Nevertheless, the authors believe the findings of the of the AI system paves the way for clinical trials to improve the accuracy and efficiency of breast cancer screening.

 

"This is a huge advance in the potential for early cancer detection," said study co-author Mozziyar Etemadi MD, PhD, of Northwestern Medicine in Chicago. "Breast cancer is one of the highest causes of cancer mortality in women. Finding cancer earlier means it can be smaller and easier to treat. We hope this will ultimately save a lot of lives.

 

"While this is exciting, validation in future trials is needed to better understand how models like these can be effectively integrated into clinical practice," he noted.

 

AI & Diagnostic Performance

In an effort to show the benefits of concurrent use of new AI along with radiologists, a team, led by Serena Pacile, PhD, a clinical research manager in the software industry, tested MammoScreen, a tool designed to identify regions suspected of having a breast cancer on 2D mammograms and evaluate their likelihood of malignancy. The clinical investigation was recently published in Radiology: Artificial Intelligence (2020; https://doi.org/10.1148/ryai.2020190208).

 

This system produces a set of image positions with scores for suspicion of malignancy that are extracted from the four views of a standard mammogram. In this multi-reader, multi-case, retrospective study, a dataset including 240 digital mammography images, captured between 2013 and 2016, were analyzed by 14 radiologists by a counterbalance design: half were read once without AI, and the other half were read twice-once without AI and once with it. Endpoints assessed by the investigators included area under the ROC curve (area under the curve [AUC]), sensitivity, specificity, and reading time.

 

The findings demonstrated that overall the average AUC across readers was 0.769 (95% CI, 0.724-0.814) without the use of AI and 0.797 (95% CI, 0.754-0.840) with AI. The average difference in AUC was 0.028 (95% CI, 0.002-0.055; P=.035). The investigators said these data indicate greater interreader reliability with the aid.

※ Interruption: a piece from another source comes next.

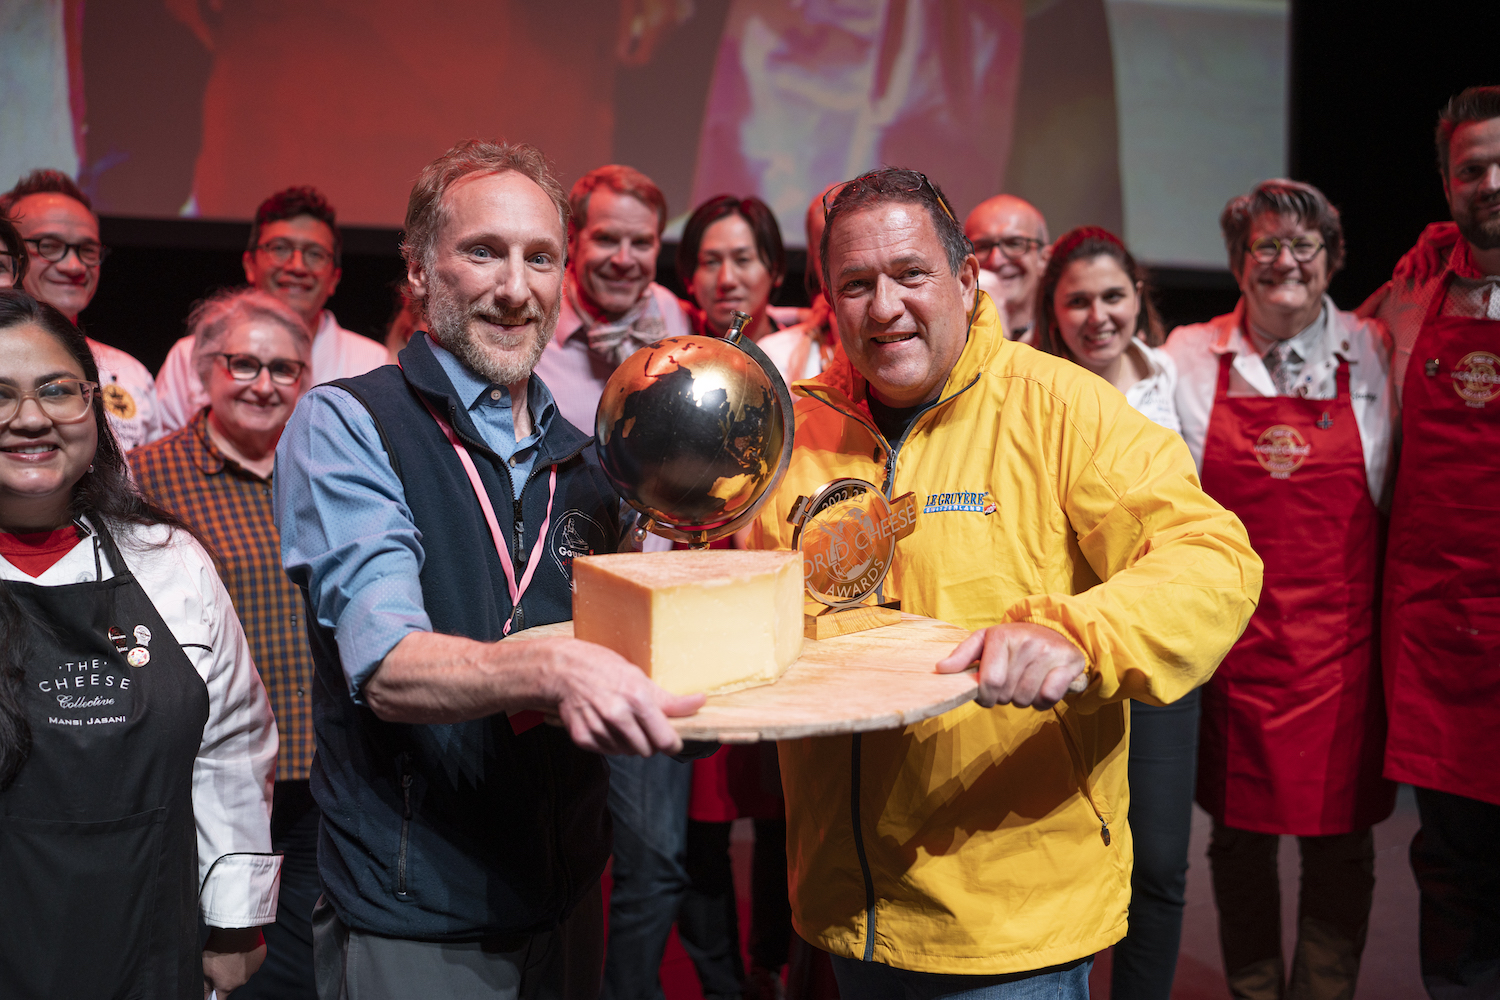 Joe Salonia and Dennis Kaser holding the winning cheese at world cheese awards 2022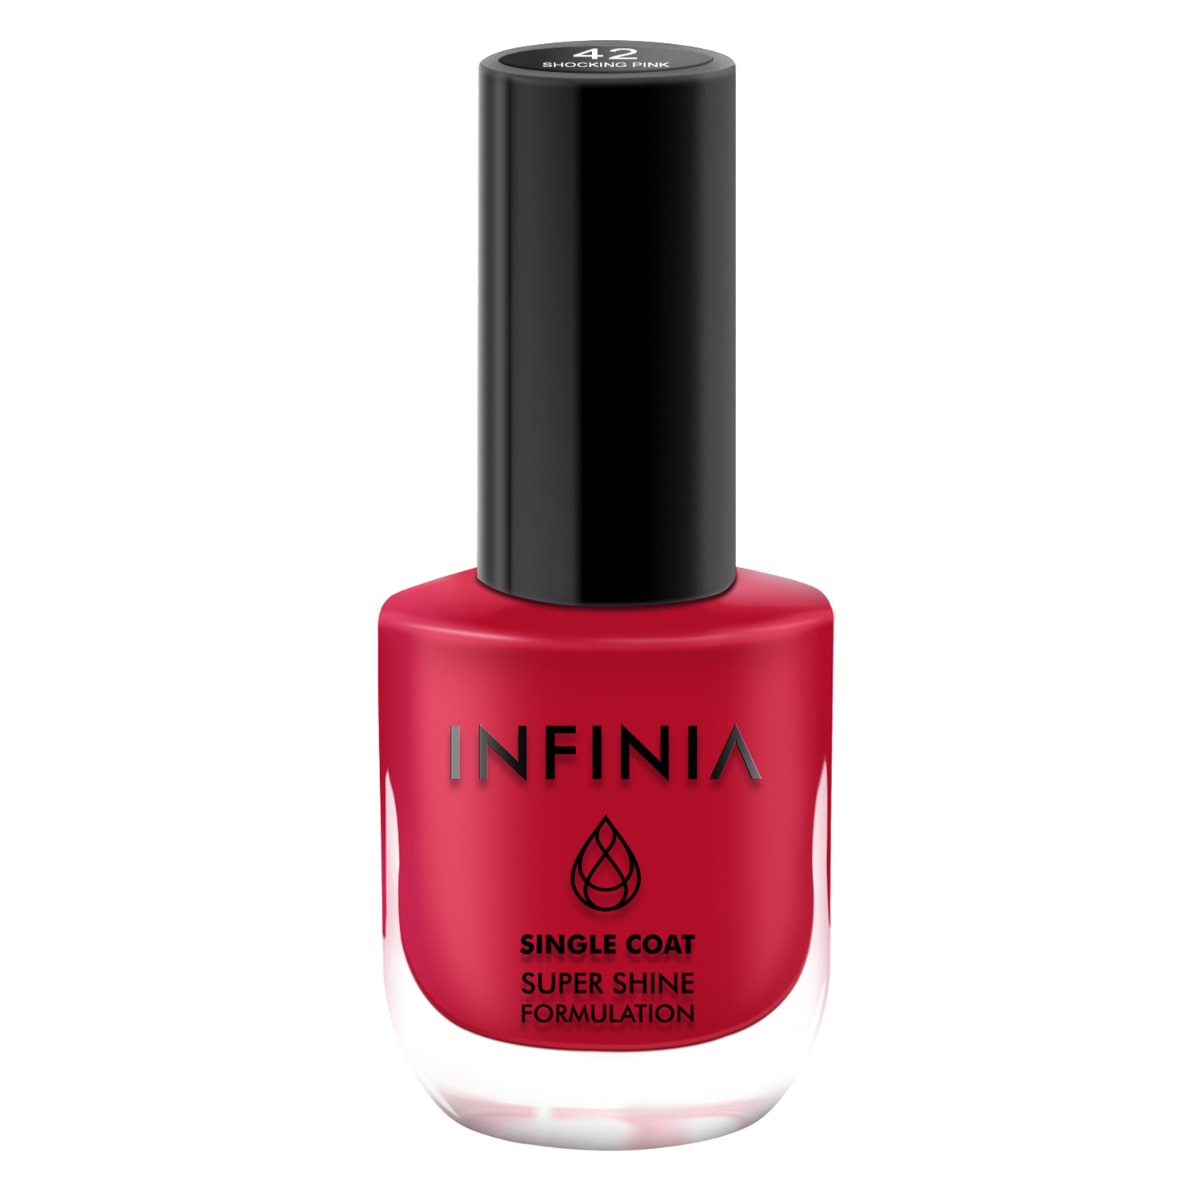 INFINIA Single Coat Super Shine Nail Polish With Ultra High Gloss, 12ml-042 Shocking Pink

For 11 of 14 radiologists, MammoScreen demonstrated a trend toward lowering the false-negative rate with an average improvement of 18 percent, and the false-positive rate dropped by an average of 25 percent for eight radiologists, resulting in more standardized results.

 

Overall, these improvements came without adding time to a provider's workflow, noted the researchers. For cases where the possibility of malignancy was low-less than a 2.5 percent chance-the time was about the same in the first reading session and slightly decreased in the second reading session. For those with a higher likelihood of malignancy, this time saved could lead to greater productivity, the team said.

 

Limitations of the study reveal the used dataset was not representative of normal screening practices. Specifically, a high rate of false-positive readings may have resulted due to readers awareness of the dataset being enriched with cancer cases, causing a laboratory effect. Furthermore, as the readers had no access to previous mammograms of the studied patients, other images, or supplementary patient information, the assessment was more difficult than a typical screening mammography reading workflow. Another factor not considered in the present study is that, in real conditions, additional factors may have an impact on reading time (i.e., stress, tiredness, etc.).

 

"The results show that MammoScreen may help to improve radiologists' performance in breast cancer detection," Pacile stated.

 

In March, the FDA cleared MammoScreen for use in the clinic, where it could aid in reducing the workload of radiologists. Moving forward, the team plans to investigate how this technology acts on a large screening-based population and its ability to identify breast cancers earlier.

 

These studies highlight the potential of AI technologies for detecting and enhancing the accuracy of breast cancer screenings when combined with assessments from human radiologists. AI technologies were able to detect pixel-level changes in tissue invisible to the human eye, while humans used forms of reasoning not available to AI. The ultimate goal will be to find the best way to combine the two to transform the future of breast imaging care for patients.

 

Dibash Kumar Das is a contributing writer.